The bloom of Alexandrium—the worst since 1972—began just as Center investigators departed Woods Hole on May 9, 2005 on R/V Oceanus for a long-planned research expedition to study the harmful algae. The team, under the leadership of Don Anderson and Dennis McGillicuddy, documented the distribution of the toxic algae at the critical onset of the bloom, and collected samples to characterize changes in the bloom population. The team is also running numerical model simulations of the bloom to identify the underlying causes of the 2005 bloom and assess risks in future years.

In most years, Alexandrium grows to toxic levels in Penobscot Bay and Casco Bay in Maine and in Canada’s Bay of Fundy. The potent neurotoxin from Alexandrium accumulates in the meat of filter-feeding bivalves, and while it does not harm them, it can cause Paralytic Shellfish Poisoning, characterized by paralysis and respiratory problems in humans and other animals that eat the shellfish.

In 2005, concentrations of toxic algae reached levels 40 times the norm, and the plants spread southward to regions of Cape Cod Bay, Massachusetts Bay, Nantucket Sound, and Buzzards Bay that are usually not affected by this species.
Shellfish beds in Massachusetts, Maine, and New Hampshire, as well as 15,000 square miles of federal waters, were closed to shellfishing for more than a month at the peak of the seafood harvesting season. Economists for the shellfish industry and the state of Massachusetts estimated that the bloom cost the seafood industry $2.7 million per week in lost revenues, with some estimates suggesting double that amount.

In the aftermath of Hurricane Katrina, floodwaters in New Orleans resulting from levee breaches were largely discharged into Lake Pontchartrain. These floodwaters are potentially contaminated with parasites and pathogens from human sewage, along with a mixture of organic and inorganic chemicals.
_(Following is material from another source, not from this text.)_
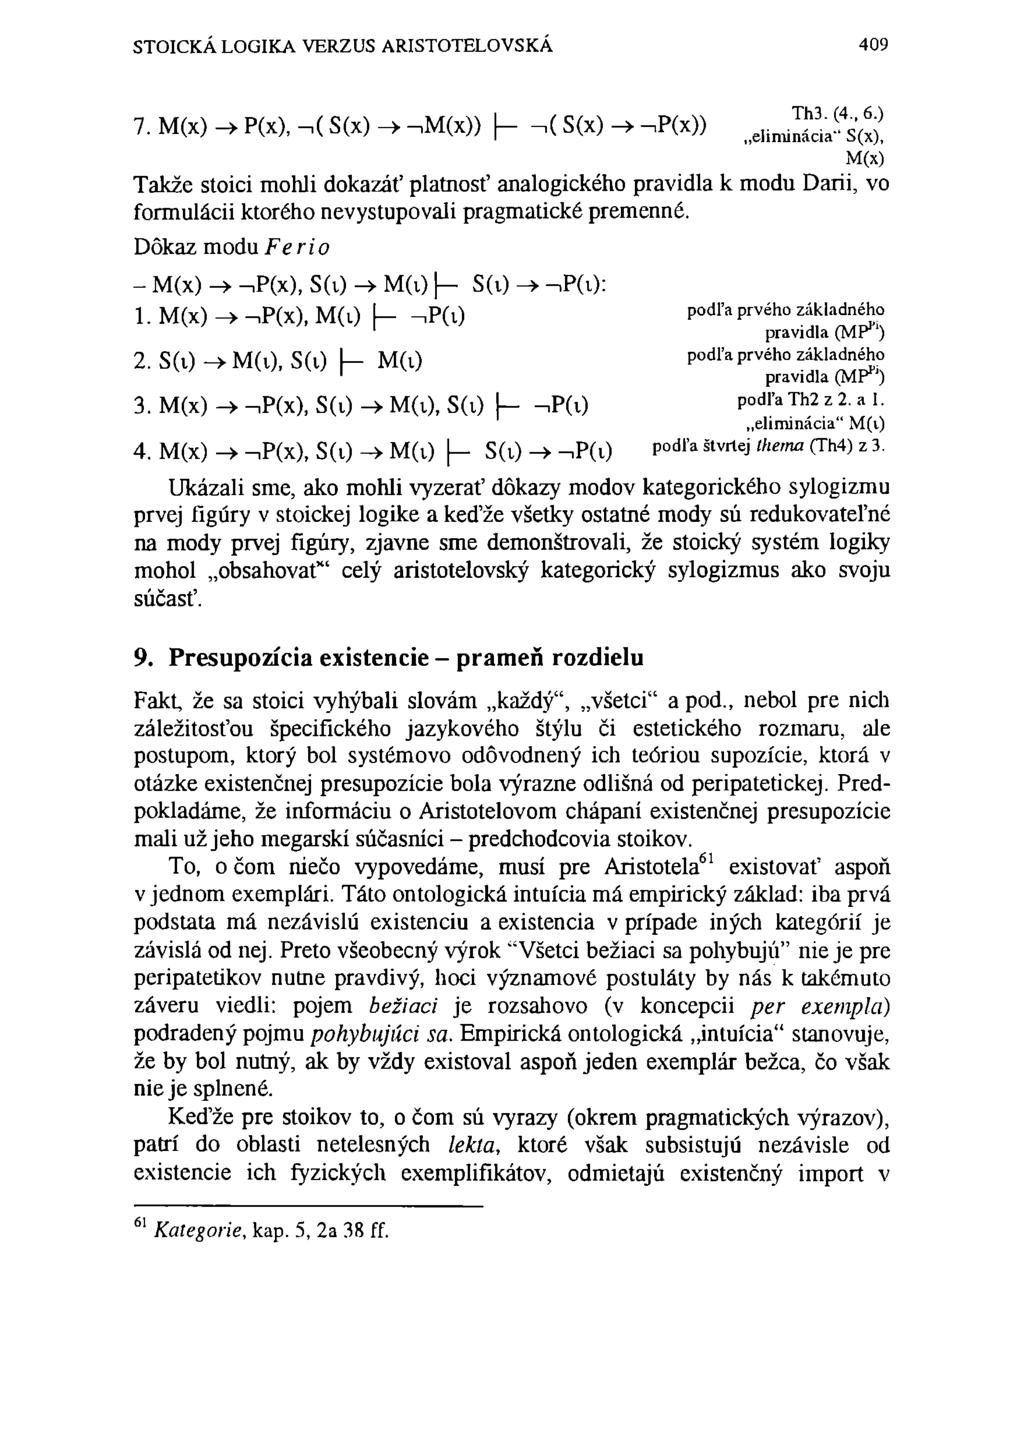 STOICKÁ LOGIKA VERZUS ARISTOTELOVSKÁ 409 7. M(x) -> P(X), -.( S(x) -> -im(x)),( S(x) -» -ip(x)) elimjácia^s'w!

Center investigators participated in a rapid-response project focused on the impact of the dewatering operation on the Lake Pontchartrain ecosystem, with an emphasis on examining the occurrence and distribution of pathogens that may have potential human health effects.
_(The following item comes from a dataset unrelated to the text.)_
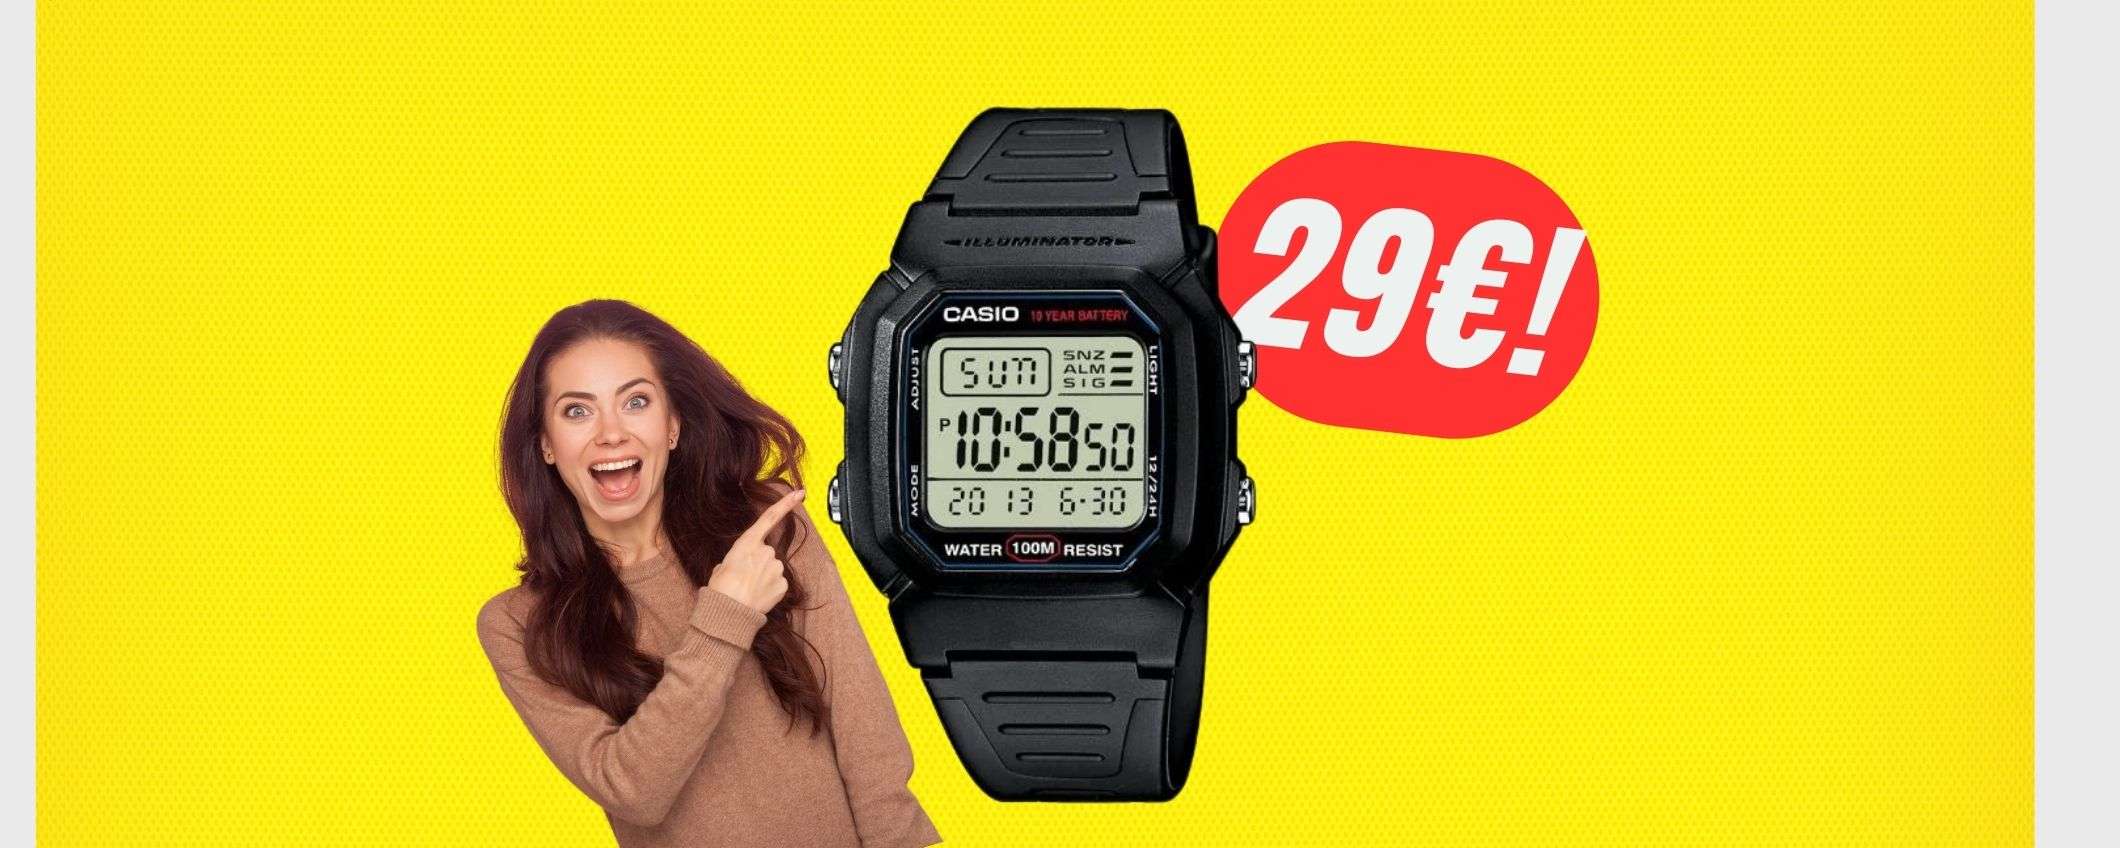 Migliora il tuo stile con l'iconico orologio CASIO a 29€!

Center researchers Rebecca Gast (WHOI), Linda Amaral-Zettler (MBL), Martin Polz (MIT) and Chris Reddy (WHOI) are collaborating with other center teams at Louisiana State University, the University of Miami, and the University of Hawaii. The goals of the Woods Hole group are to quantify the dynamics of potentially pathogenic bacteria of the genus Vibrio in the floodwaters and sediments, to determine the presence and distribution of Legionella species pathogenic to humans, and to assess the general microbial diversity using clone libraries to determine the presence of sequence types related to known pathogens (which may represent unidentified human pathogens). Sampling of water and sediment from Lake Pontchartrain and nearby canals has recently been completed, and the teams have begun their intensive analyses.

The conditions resulting from the tragedy in New Orleans may represent a worst-case scenario for contamination of coastal waters. Information that we recover from this work can potentially inform future efforts concerning human health issues involving microbial populations and human pathogens in coastal areas.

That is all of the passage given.